• **Instructions to follow**
Go to the line with "Alam Kim graduation" in the records below, then output it and each following line exactly, up to and including the line with "Fighting the COVID-19". Skip pictures and add nothing.

• **Source data**
_ _ _ _ _

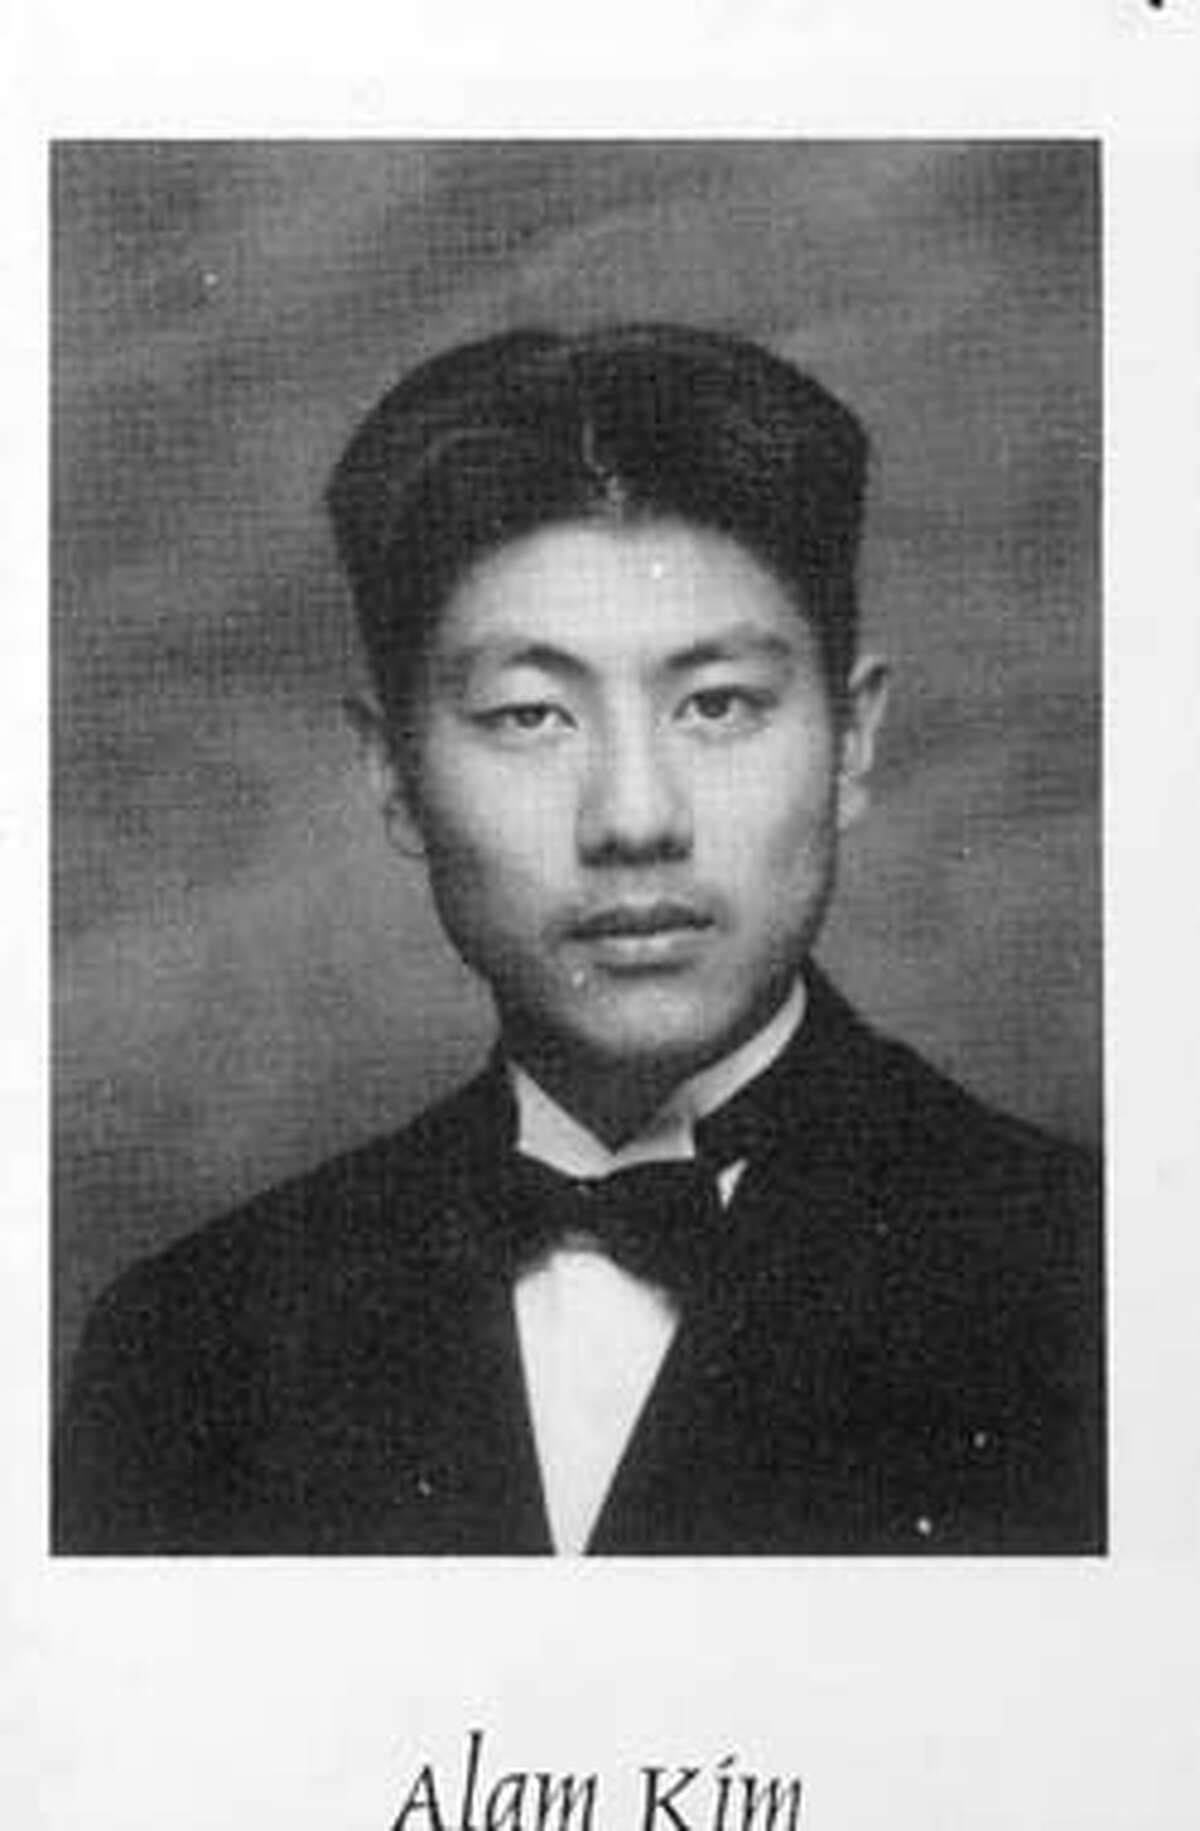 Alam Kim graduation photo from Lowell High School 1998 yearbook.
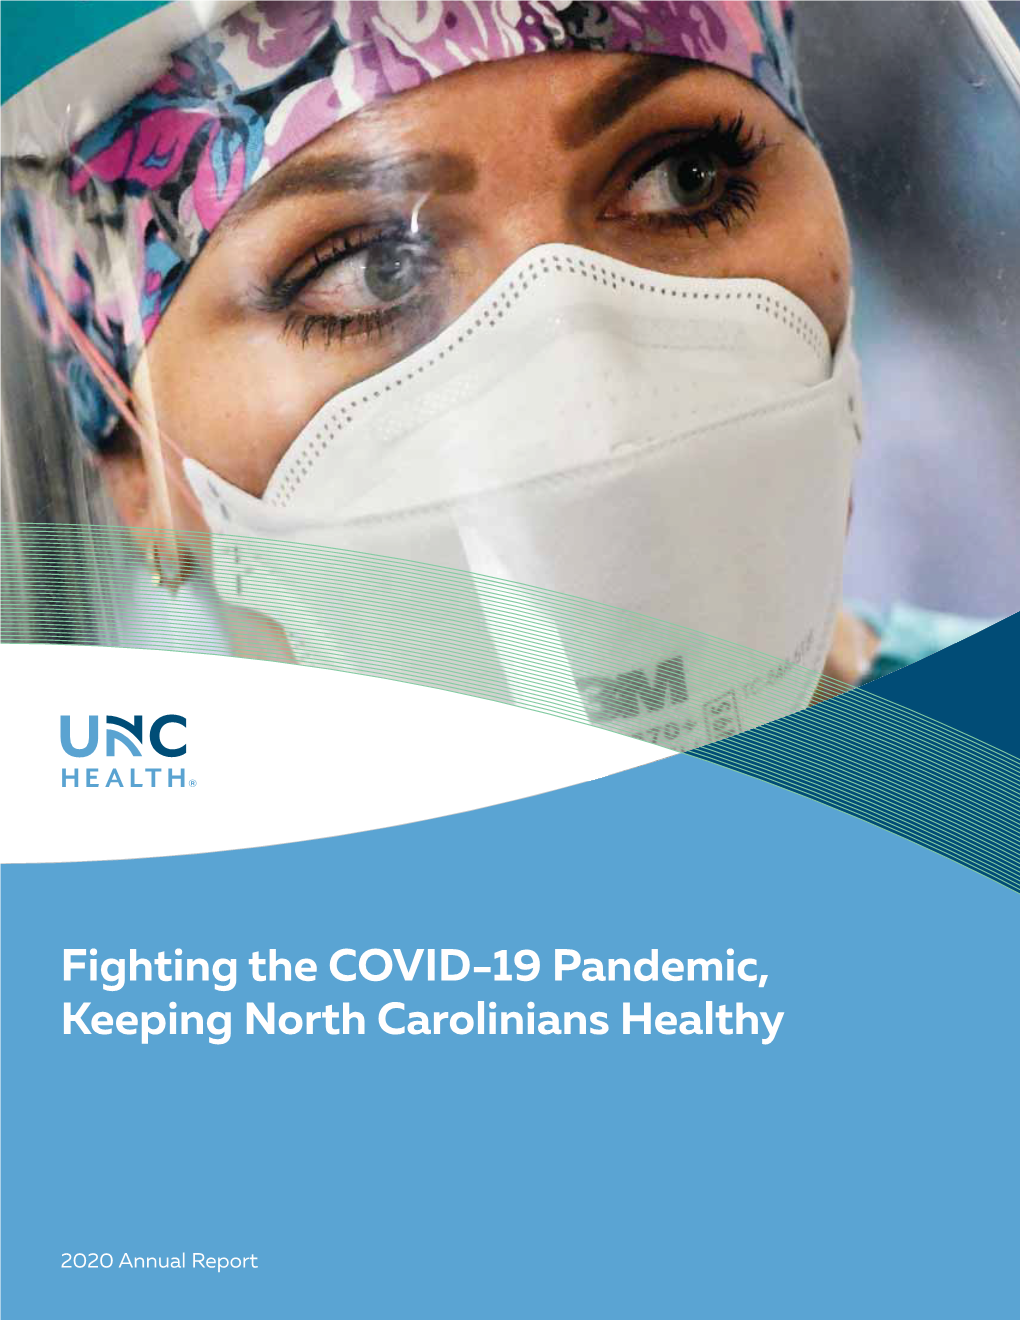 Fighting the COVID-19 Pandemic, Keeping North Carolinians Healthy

_ _ _ _ _

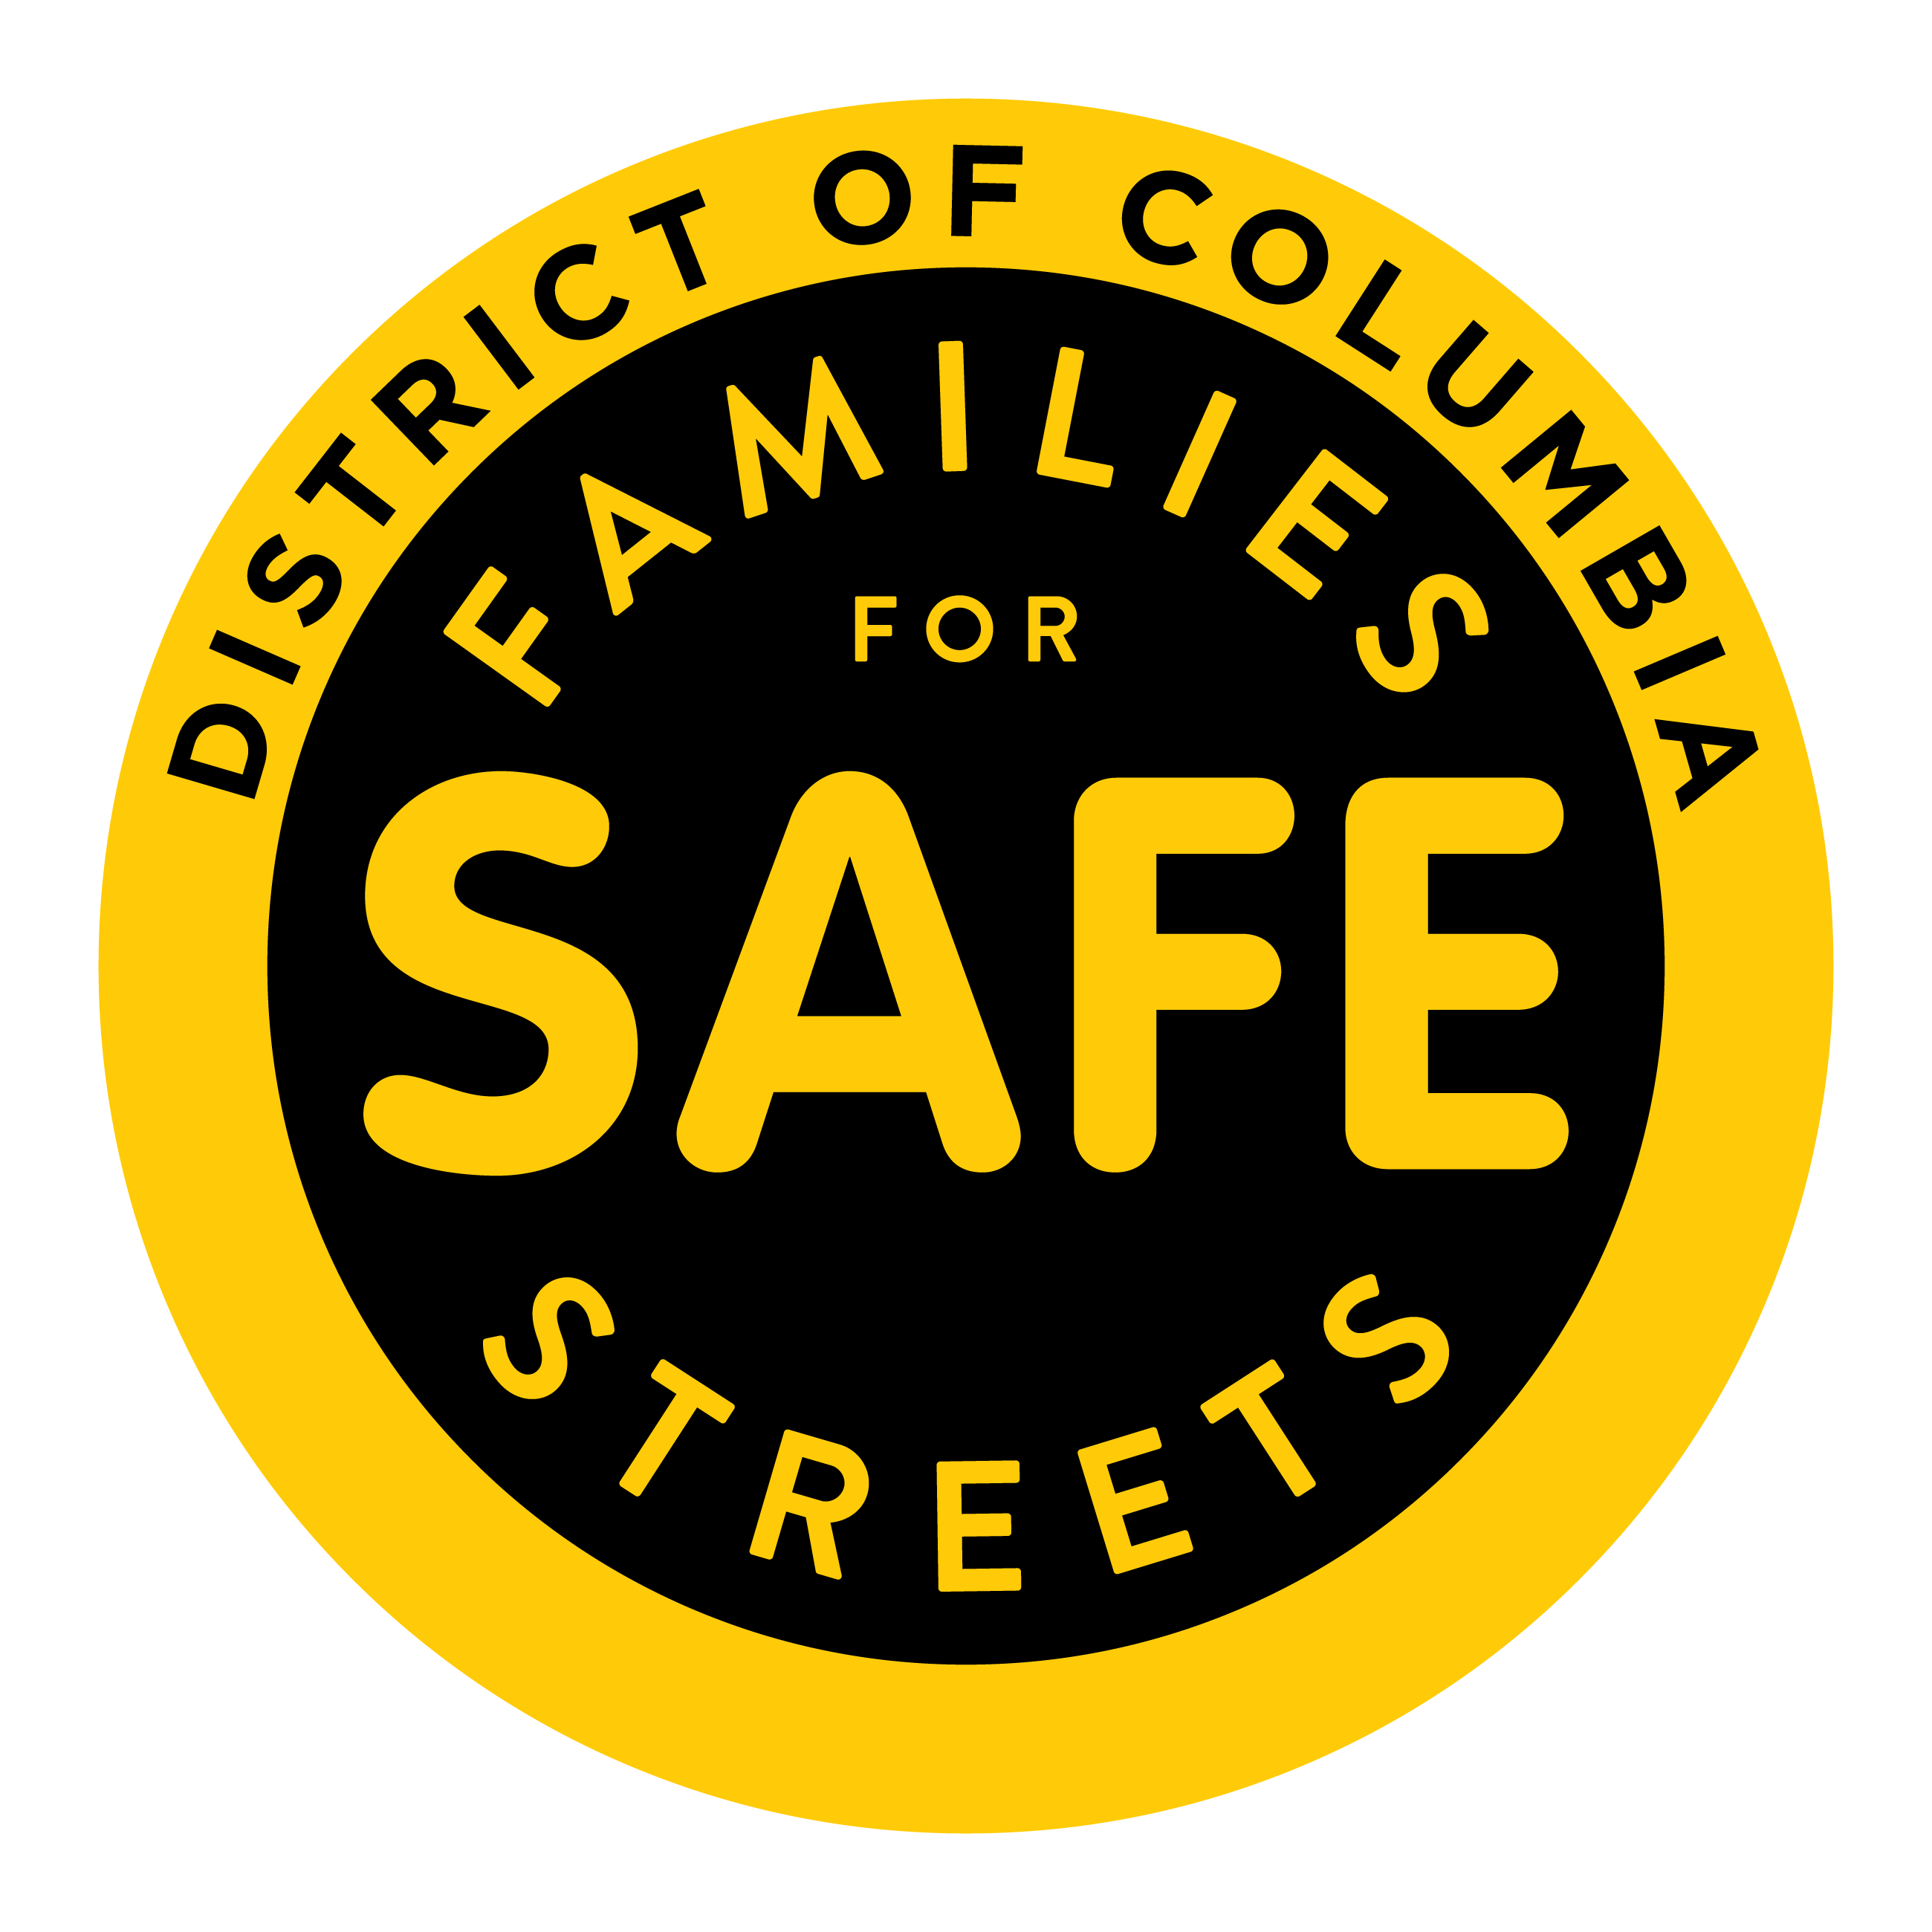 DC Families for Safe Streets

_ _ _ _ _

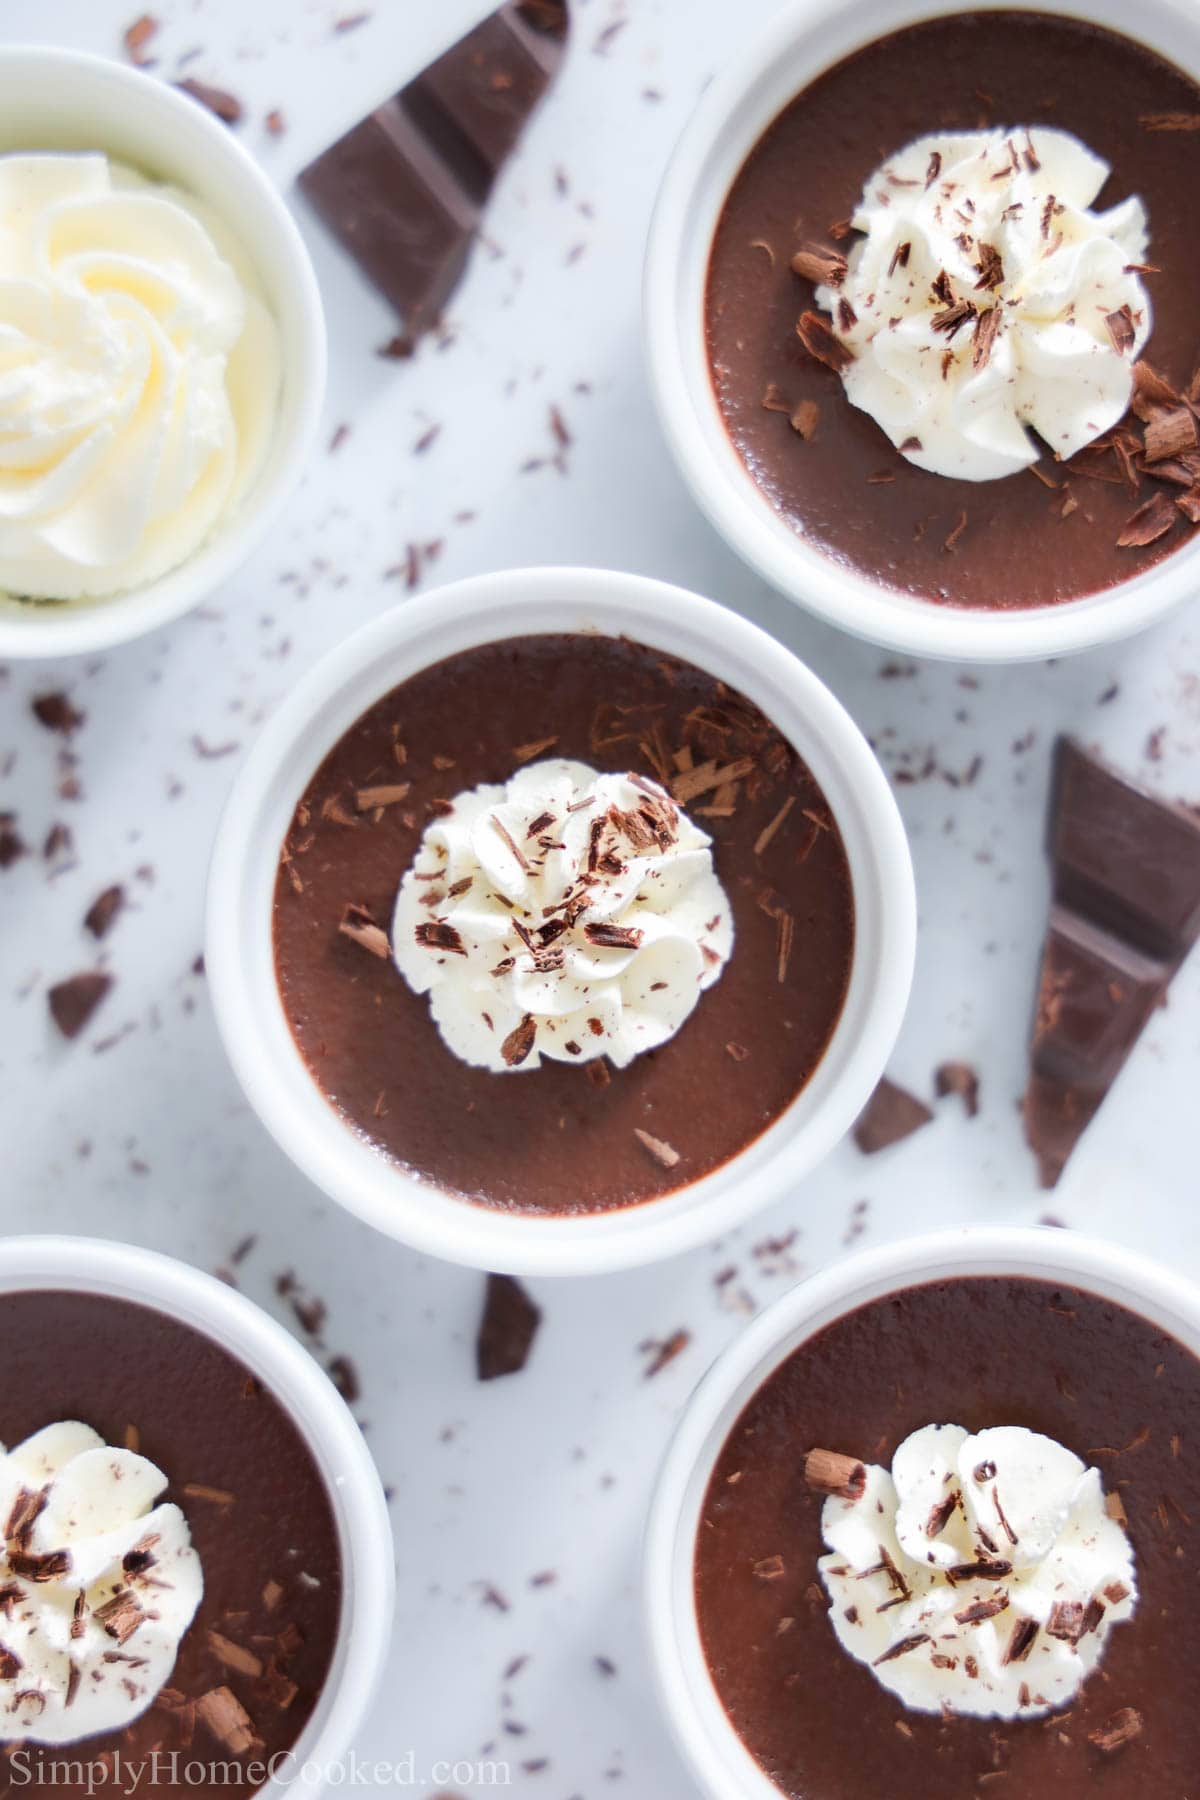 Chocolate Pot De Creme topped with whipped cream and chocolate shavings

_ _ _ _ _

• **Answer to the exercise**
 Alam Kim graduation photo from Lowell High School 1998 yearbook.
 Fighting the COVID-19 Pandemic, Keeping North Carolinians Healthy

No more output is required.